The documents in the Assess and plan section help you assess your requirements and develop a plan for onboarding your corporate identities to Cloud Identity or Google Workspace.
Managing corporate identities is often one of the key responsibilities of enterprise IT departments. But each organization is unique, and the way you manage corporate identities in your organization is likely to be unique, too. To determine the best way to use Cloud Identity or Google Workspace to manage corporate identities in your organization, it's important that you assess your requirements.
Before you begin
Before you begin to assess and plan your Cloud Identity or Google Workspace deployment, make sure that you do the following:
- Understand the domain model that underpins Cloud Identity and Google Workspace.
- Determine whether you need a single Google Cloud organization or multiple Google Cloud organizations for your deployment. For help with this decision, see Best practices for planning accounts and organizations.
- Review the Reference architectures article and select the architecture that most closely matches your requirements.
- If you selected an architecture that uses an external identity provider (IdP), review Best practices for federating Google Cloud with an external identity provider so that you can incorporate these best practices in your design.
Assess and planning your deployment
To assess and plan your Cloud Identity or Google Workspace deployment, follow these steps:
If you selected an architecture that uses an external IdP, learn how to map the logical model of your external IdP to Cloud Identity or Google Workspace.
If you use Active Directory, refer to Federating with Active Directory to learn how to map forests, domains, users, and groups and learn which configuration options to consider.
Similarly, if you plan to federate with Azure Active Directory (AD), see Federating with Azure AD for more details on how you can map tenants, domains, users, and groups.
Identify and assess existing user accounts. If you haven't been using Google Workspace or Cloud Identity, it's possible that your organization's employees have been using consumer accounts to access Google services. Before you set up Google Workspace or Cloud Identity, we recommend that you analyze user accounts that exist and how to best deal with them.

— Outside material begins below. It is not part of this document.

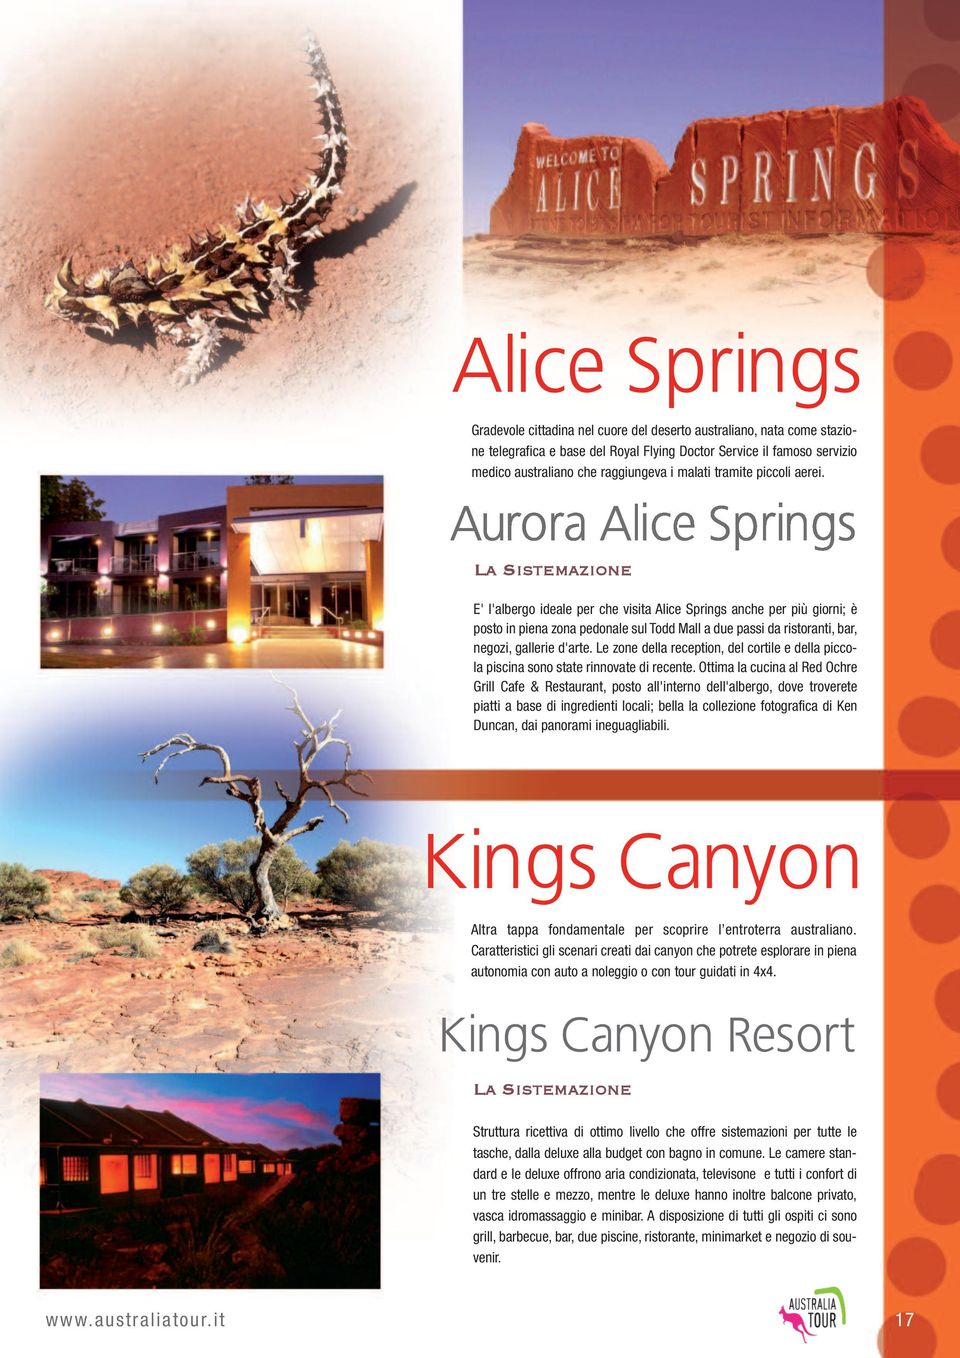 La Sistemazione E' l'albergo ideale per che visita Alice Springs anche per più giorni; è posto in piena zona pedonale sul Todd Mall a due passi da ristoranti, bar, negozi, gallerie d'arte.

For more details on the different sets of user accounts you might have and how they can impact your deployment, see Assess existing user accounts.
Settle on a high-level plan for onboarding identities to Cloud Identity or Google Workspace. In Assess onboarding plans, you can find a selection of proven onboarding plans, along with guidance on how to select the plan that best suits your needs.
If you plan to use an external IdP and have identified user accounts that need to be migrated, you might need to consider additional requirements when configuring your external IdP. For more details, see Assess user account consolidation impact on federation.
When you have completed your assessment and created a plan, you will be ready to onboard your corporate identities to Cloud Identity or Google Workspace.